この場合、返ってくるのは1以上60000以下の範囲での100個の整数が入った配列です。
このとき整数は毎回ランダムで重複無しになっています。

これはMNIST学習データを無作為で取り出すためのインデックス(行数)として使います。
MNISTのページでもやった通り、MNISTデータは1行が1画像を表しています。
つまりここで取得した値の行を取得すればDataCount個の画像をランダムで抜き出すことができるということです。

ランダムで抜き出す理由は、毎回60000枚分の画像データをすべて学習していると時間がかかるためです。無作為で選んだいくつかのデータのみを学習させることで学習時間を短縮しようという考えからきています。(ミニバッチ処理と同じ考えです)

 

Function RandomWeight

関数「RandomWeight」は入力された値の数だけランダムで重みパラメータを生成し、2次元配列として返す関数です。

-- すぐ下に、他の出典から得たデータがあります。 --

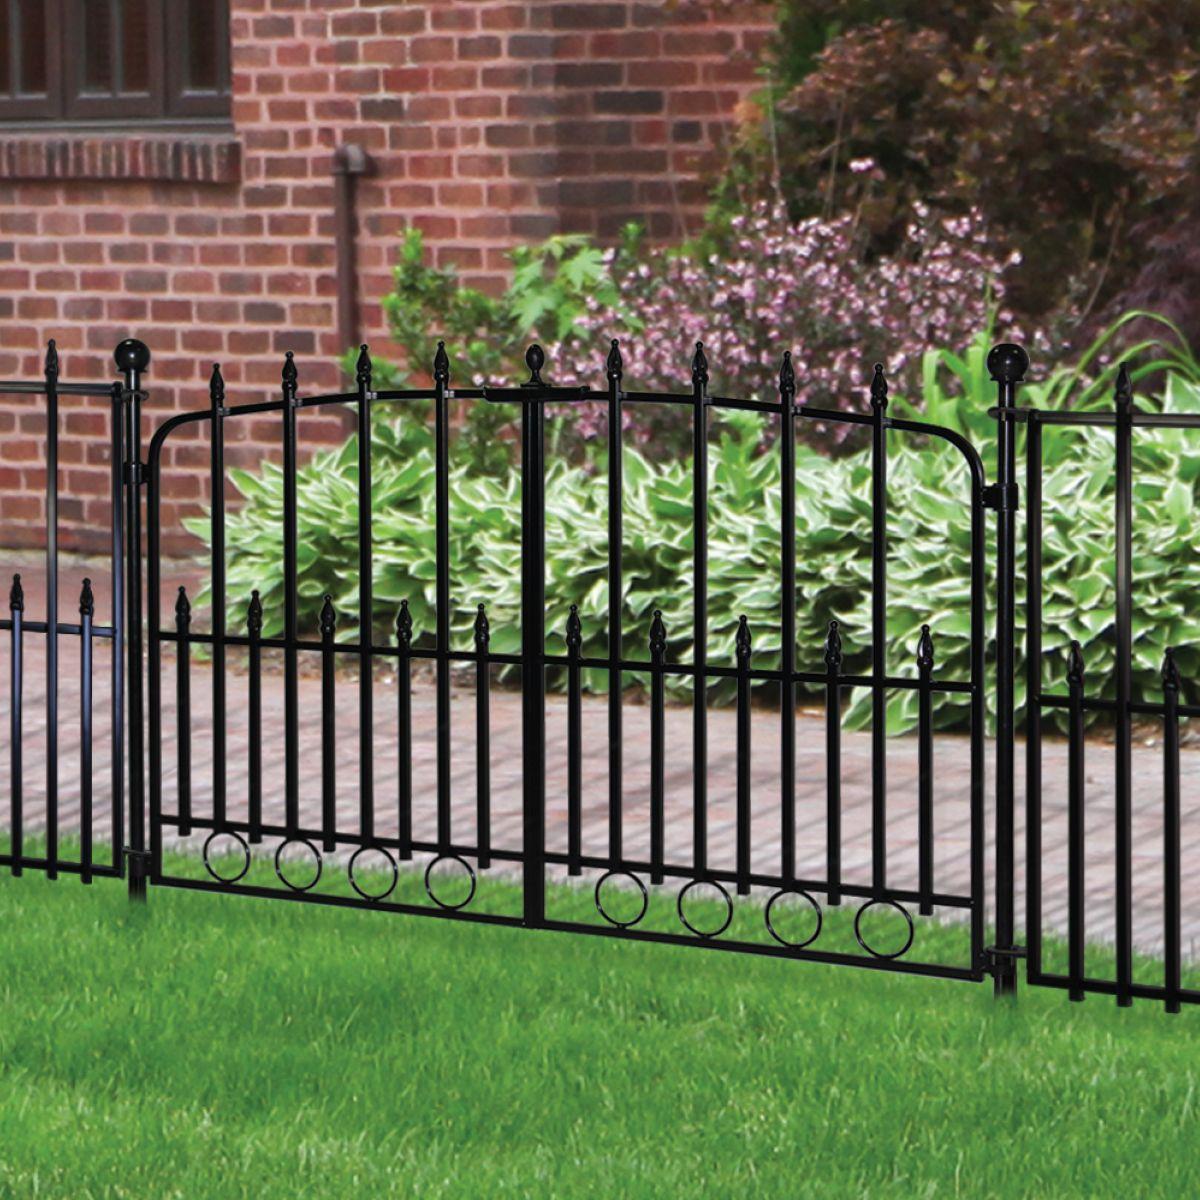 Empire Fences Residential Fencing Aluminum Fence Systems Garden Fencing Outdoor Decor

引数としては「size1」「size2」があります。
これらは返り値である2次元配列の”かたち”を決めるもので、「size1」×「size2」個の重みパラメータ「W」が作成されます。重みパラメータの値は-1以上1以下の小数でランダムに生成されます。生成した値は全て2次元配列の「List()」に格納し、この2次元配列を返します。

重みパラメータのランダム生成は、学習の1番初めに行う初期設定のようなものです。これは重みパラメータの初期値がすべて「0」の状態で学習を始めると、学習がうまく進まなくなるためです。

 

Function zeros

関数「zeros」は入力された値の数だけ「0」の要素を持つ1次元配列を返す関数です。

引数としては「input_size」があります。
これは返り値である1次元配列の要素数を決めるものです。

機能自体は非常にシンプルで、「input_size」個の要素を持つ配列を返すだけです。
このとき、要素の値は全て「0」で返します。

たとえば「input_size=5」の場合、返ってくる1次元配列は「zeros(0,0,0,0,0)」となります。

前項の関数「RandomWeight」は重みパラメータの初期化に使いましたが、この関数はバイアスパラメータの初期化の際に使います。重みパラメータは「0」であると学習が進みませんがバイアスパラメータの値は「0」でも問題がないためです。

 

Function dot

関数「dot」は入力された1次元配列と2次元配列の積を配列として返す関数です。

引数としては「x()」と「W()」があります。
「x()」は1次元配列、「W()」は2次元配列である必要があります。
この関数では2つの引数の積を1つの1次元配列として返します。

ここで行う計算は行列での掛け算と同じです。
VBAでは行列がないため配列を使って計算していますが中身は同じです。

たとえば「x()」の要素数が「3」、「W()」の要素数が「3×2」の場合
以下のような計算が行われ、最終的には要素数が「2」の1次元配列が出来上がります。

 

Function dot2

関数「dot2」は入力された1次元配列と1次元配列の積を2次元配列として返す関数です。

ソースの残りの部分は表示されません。